I've been using an AT&T MVNO for years (introduced by a friend) and I'm pretty
happy with it (not naming it here so that the piece won't come off as a soft
sell, and that I won't be easily identified). My carrier, however, doesn't
offer any international service, so I'm completely left in the dark when
traveling internationally. When I read the Google Fi announcement, it appeared
that with my data usage pattern, Google Fi would only cost slightly more every
month and would still work outside the U.S., and the $200 credit was
attractive, so I ordered their SIM, which arrived a little more than a week
ago. I was of course vaguely concerned about Google's historic reputation in
the customer support department, but figured that maybe I would get lucky and
never have to deal with them, or maybe Google Fi customer support would be
okay. Boy am I wrong.

Fast forward to when I got the SIM in the mail, I activated the service on my
iPhone (XS Max) and kicked off the number porting process. It smelled slightly
off right off the bat, since although I selected "other" as my carrier, the
Google Fi app insisted on porting my "AT&T" number. Porting failed a few hours
later so I called Google Fi customer support. The customer support
representative asked me about my carrier, and actually called my carrier to
inquire about the porting process. He came back with the information that my
carrier's porting department closes at 6pm EST, so he called me back the next
day to restart the porting process. At that point I was actually pretty
impressed with the customer support. (It was later revealed that I initially
entered a wrong address, since I had moved and hadn't updated my address with
my previous carrier. It was not clear if porting failed due to the wrong
address, or because their automated system couldn't deal with my carrier to
begin with. Anyway, since a human support agent was now involved, the initial
error didn't matter anymore.) I was assured that porting would complete within
48 hours, and my case was closed.

It all went down hill from there. Two separate problems occurred.

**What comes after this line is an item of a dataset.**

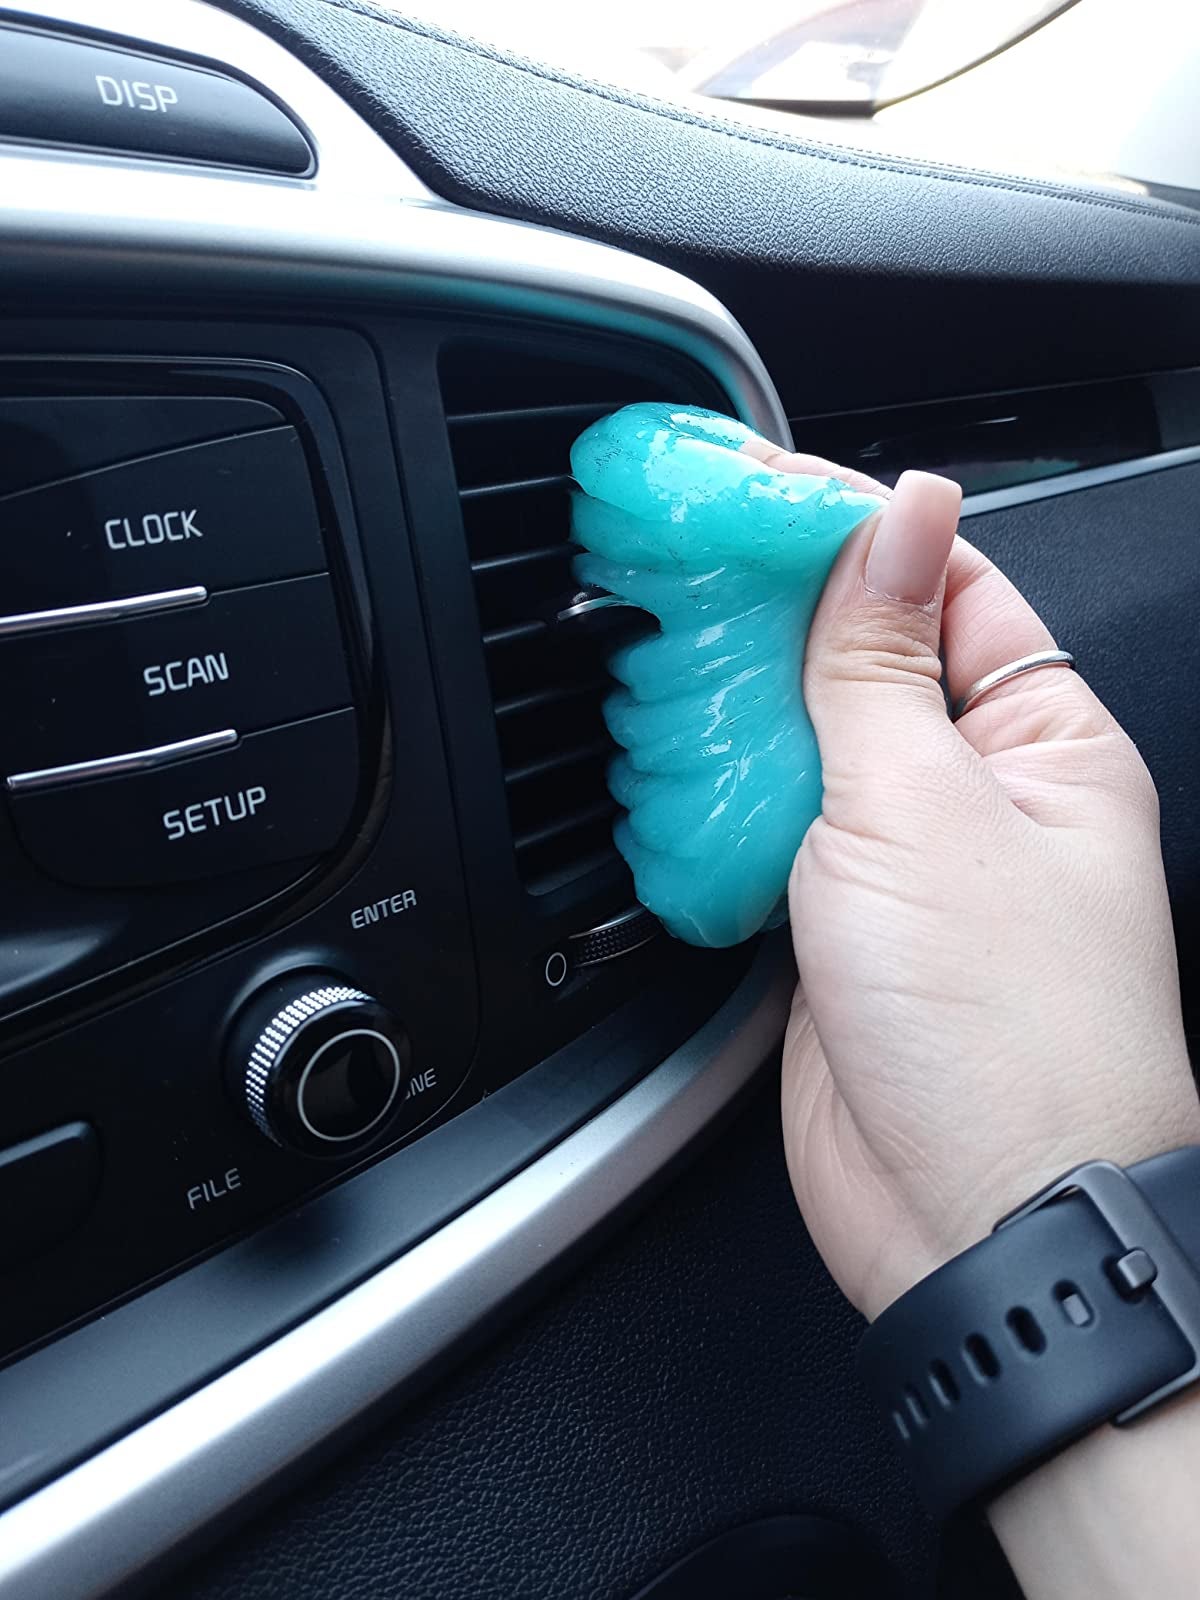 Reviewer's photo of the gel cleaner being used on a car air vent

First, although the number wasn't ported yet, I was actually able to use
cellular data; the data usage meter started rolling, and I could see my data
bill. Except one problem: although the connection showed up on my phone as
LTE, the actual speed was around 15Kbps tops (according to fast.com). That's
slower than typical 2G, and most websites, as well as apps that require an
Internet connection, ranged from barely usable to completely broken. (It was
actually an eye-opening first hand experience on how bloated the web has
become. HN was still usable, and thank God a couple of sites I run still load
with in 2 seconds. You don't need all the crap to be informative; who would
have guessed.)

I called customer support again, and the rep (a very friendly guy) told me
outright that he didn't have any support material on iOS (I didn't press him
into admitting anything). He tried a bunch of Android troubleshooting
instructions on me and they didn't work. Eventually we concluded that there
was nothing we could do other than waiting for the number to be fully
transferred and hoping the problem would automatically go away. A hypothesis
that remained a hypothesis till the end.

The second problem was that the porting process stalled. Nothing happened
after 48 hours, just a "porting delayed" status and "contact us". So I started
calling them every day. Every time I was told that "a specialist is working on
the case, I've left a message for them, and they will contact you by email
soon; just watch your inbox." Except no email ever came, and I was never
introduced to any "specialist". After another three fruitless days and being
told the exact same thing, I asked the lady on the phone to ask the
"specialist" to email me something, anything; I just needed to know that there
was actually some human being who would give my case some attention once in a
while. The lady promised to do that. Not surprisingly, again no email ever
came. (Note: I'm not saying it must be Google Fi's fault that the porting
process stalled; it could be my previous carrier. I don't know. What I do know
is that I was promised communication from Google Fi, and I didn't receive it,
despite daily calls.) So at this point I was pretty sure the "specialist
working on my case" simply didn't exist. I would hope that passing their
promised 48 hour threshold or calling them daily would elevate my case to some
higher priority, but nope. My best guess is that they had a huge influx of
customers due to the flashy marketing campaign, and didn't have the manpower
to keep up. Nevertheless, I was not happy being (politely) lied to, or staying
in the limbo state forever. Eventually, I called them again to cancel my
service. I'm glad to report that at least there was no BS around canceling.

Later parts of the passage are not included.